##### Available data

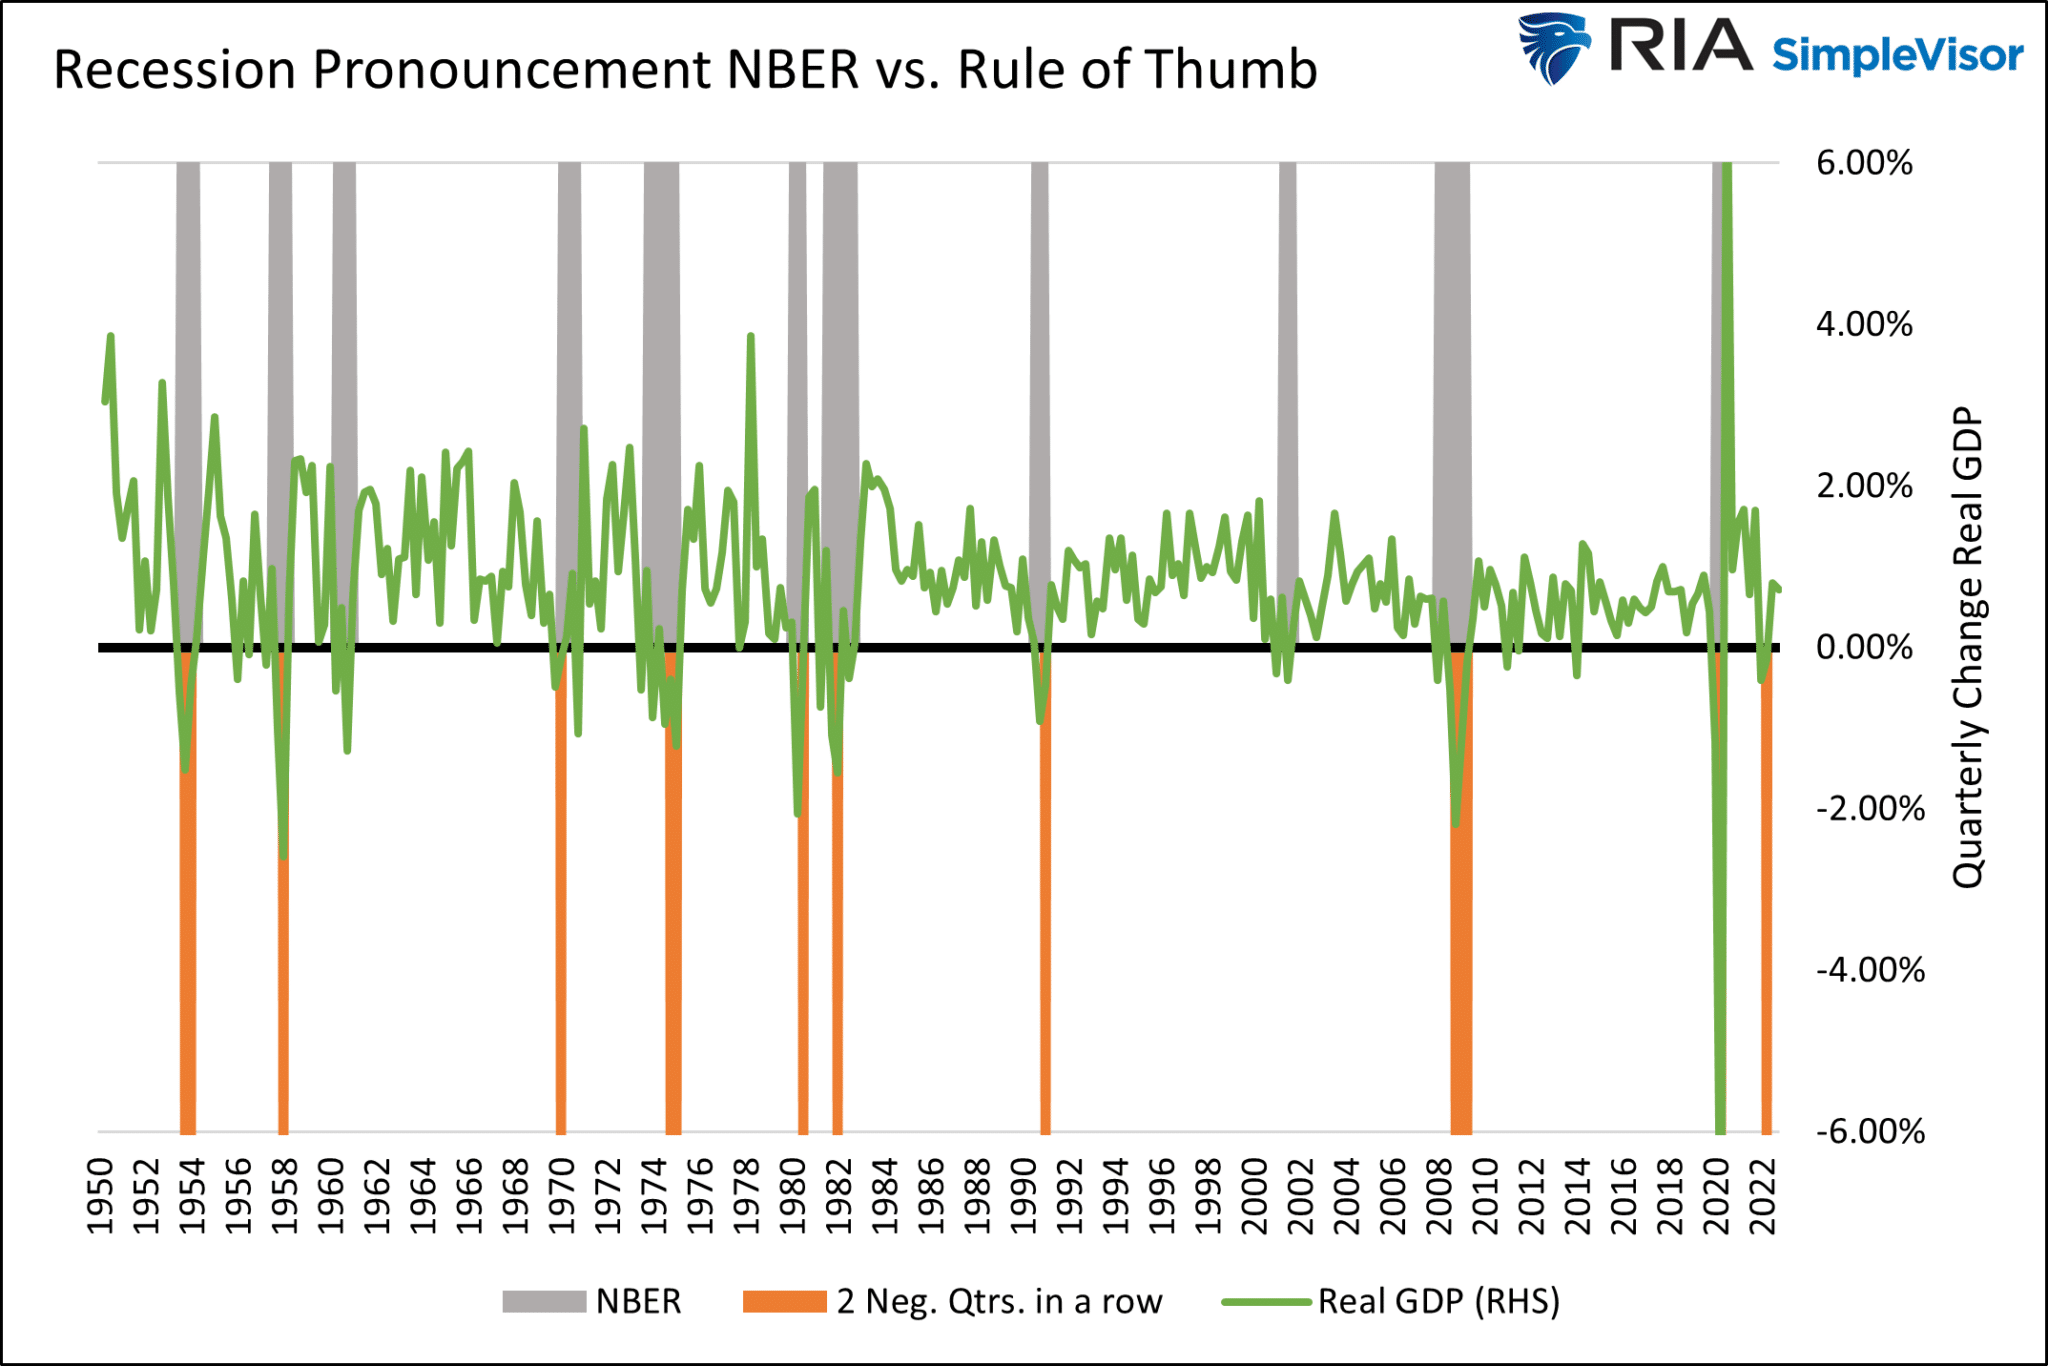 Recessions: NBER vs Rule of Thumb
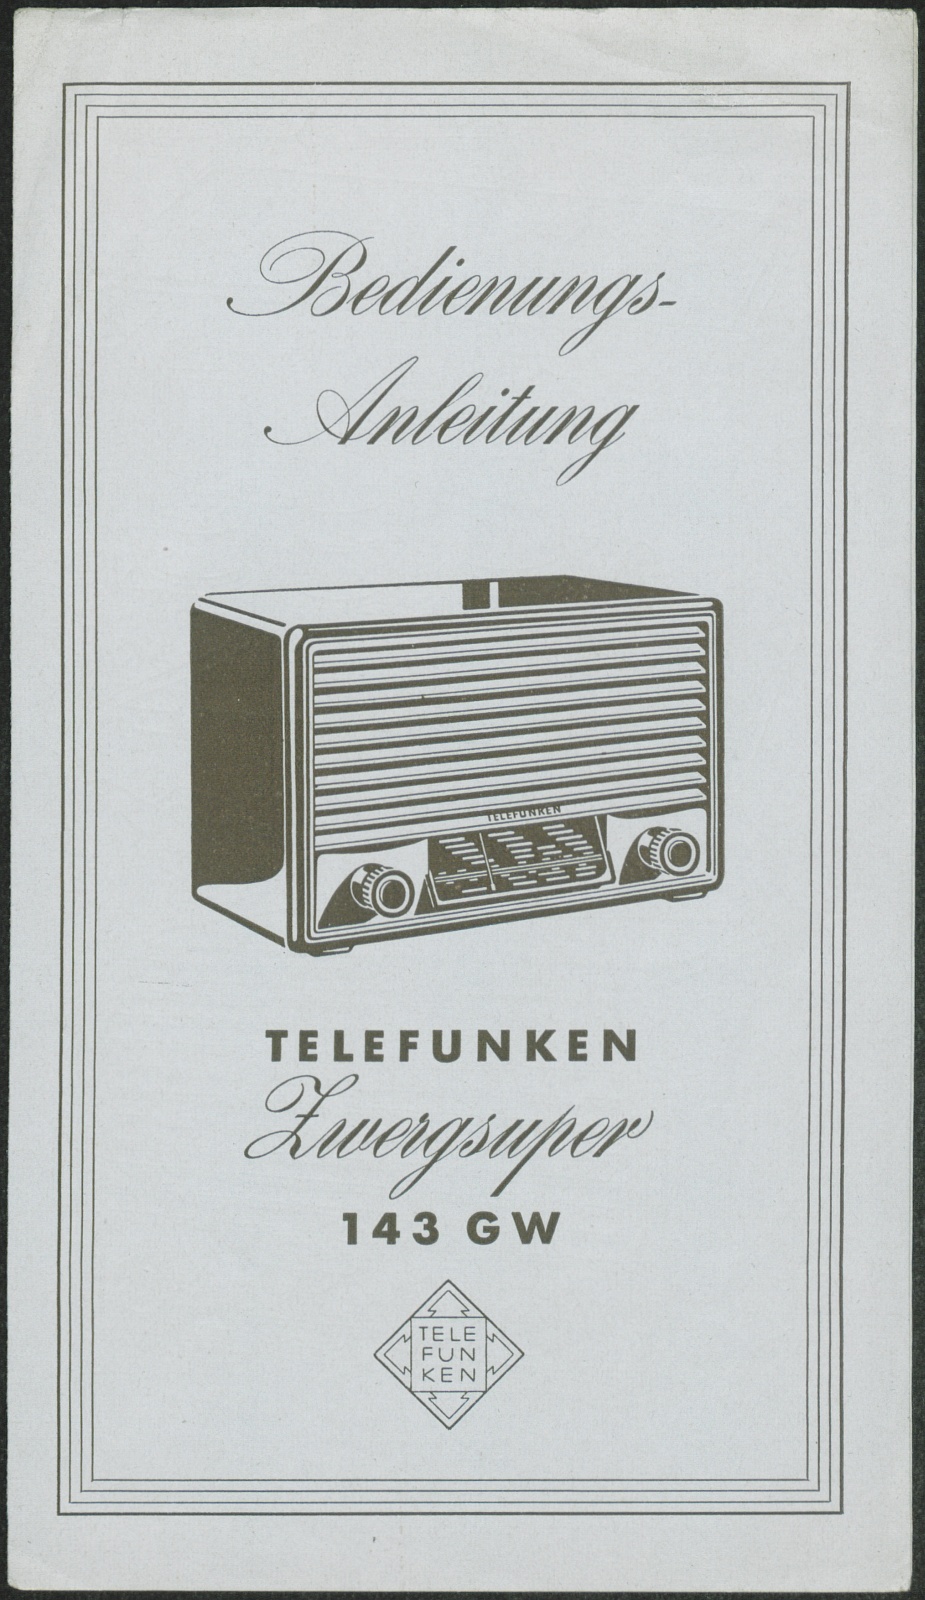 Bedienungsanleitung: Bedienungsanleitung Telefunken Zwergsuper 143 GW (Stiftung Deutsches Technikmuseum Berlin CC0)
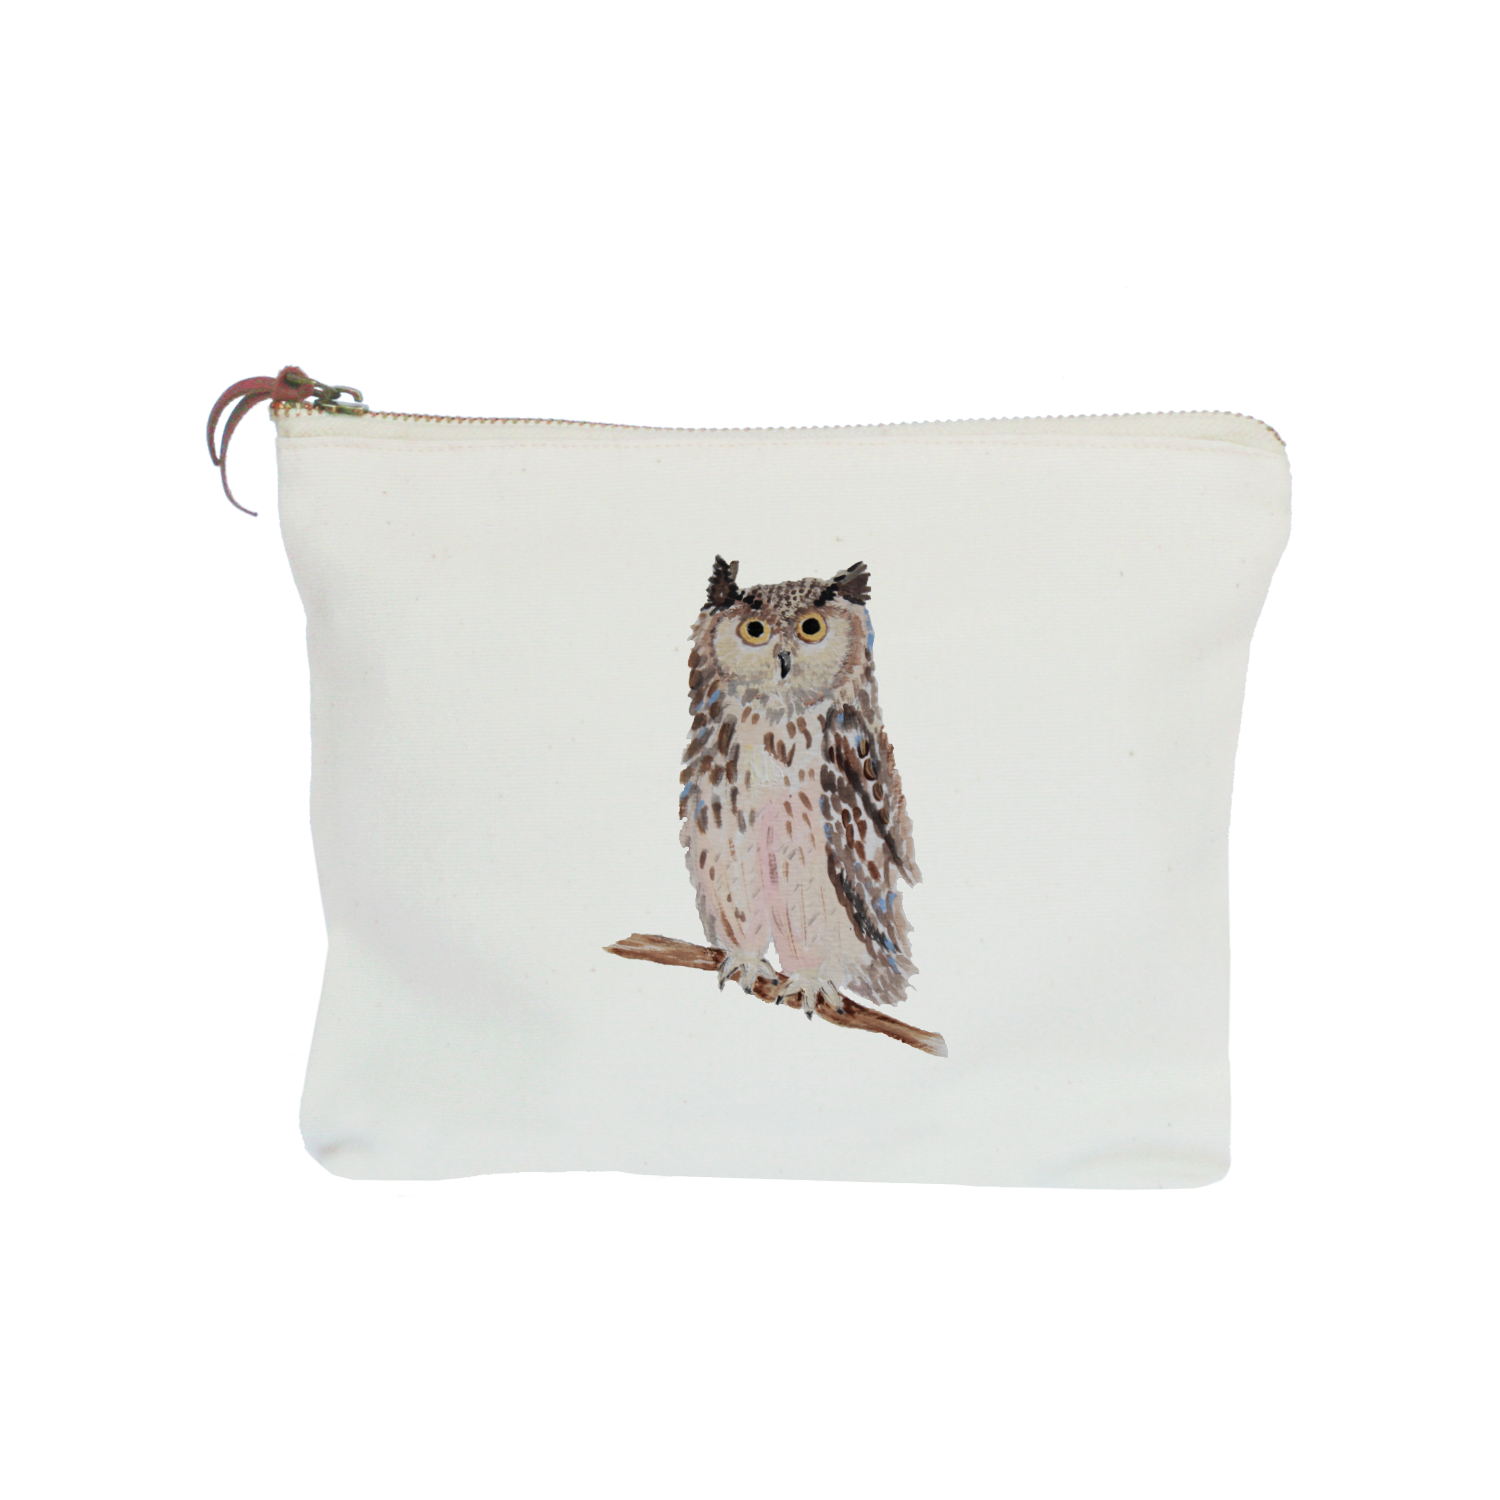 owl zipper pouch

##########

Skip the images and set down the rest of the data unchanged.

__Solution to the exercise__
 Recessions: NBER vs Rule of Thumb
 Bedienungsanleitung: Bedienungsanleitung Telefunken Zwergsuper 143 GW (Stiftung Deutsches Technikmuseum Berlin CC0)
 owl zipper pouch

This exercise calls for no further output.